The coat looks REALLY big on me from the back, but I have to remember that’s how its *meant* to be. I’m just not used to stuff that’s loose.
I’m pretty proud of my welt pockets. It’s the first time I’ve done them on a coat like this, and it’s ultra-nerve-wracking cutting slits into your fabric to install them. Especially when you’re not totally sure what you’re doing. But they are pretty on point, I must say. I did consider using the reverse of the fabric for the welts, for a bit of contrast, but in the end I went with the right side. No regrets.
After the success of the welts, I restored balance by hashing up the collar. I cut two separate pieces for the upper collar instead of one on the fold.
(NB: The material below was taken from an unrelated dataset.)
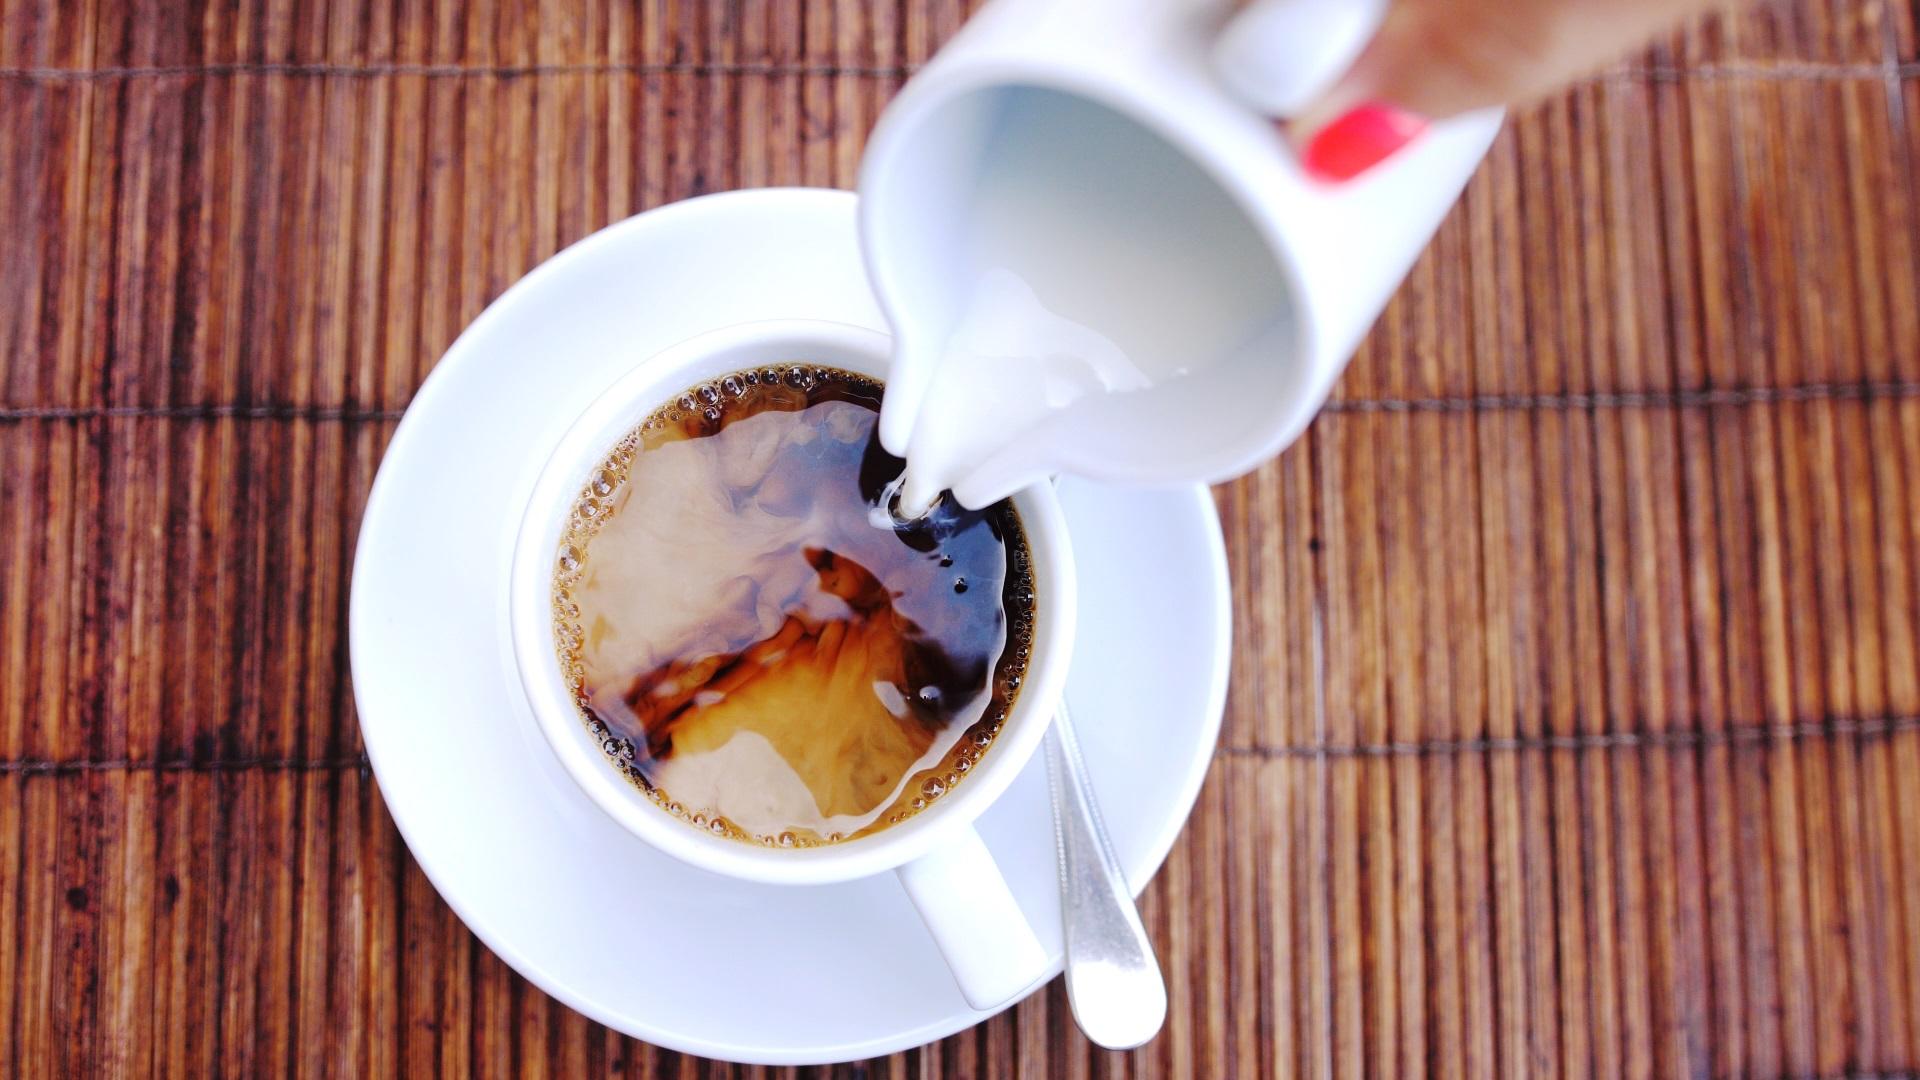 <p><strong>Сметана за кафе</strong></p>  <p>Друг подъл източник на трансмазнини е обезмаслената сметана за кафе, която често се прави с трансмастни хидрогенирани масла. По-добре подправете кафето си с обикновено пълномаслено мляко.</p>

Damn that cutting chart. I didn’t have enough fabric to cut another complete piece, so instead I cut another half and tried my best to pattern match with one of the halves I’d already cut… it’s ok, it gets hidden by my hair anyways so I’ve made my peace with it. But I’ve now written on the pattern template CUT ONE ON FOLD in massive letters so that I don’t forget for next time.
I deliberated for ages over what lining to use, and for a long while before starting this coat I had settled on the idea of a plain red lining – a cherry red, to match the shade in the zig zag pattern. But I couldn’t seem to find the exact shade that I wanted, and it’s always hard buying online when you have a particular shade in mind because you’ll almost always be disappointed – because, well, those pesky “variable monitor colours” that ruin everyone’s lives. Then, as does usually happen when I make something, a vision of it working as part of a complete outfit came into my head – and it revolved around my hot pink bobble hat that a friend made for me. I then saw… something – I can’t remember whether it was a photo on Instagram or an article in Sew Today, or even something completely different – that had a quilted lining. As it was pretty cold at the time, a quilted lining seemed like a damn good idea for a coat. And – ding ding ding – a hot pink one could be found on eBay. YAS. TAKE MY MONEY.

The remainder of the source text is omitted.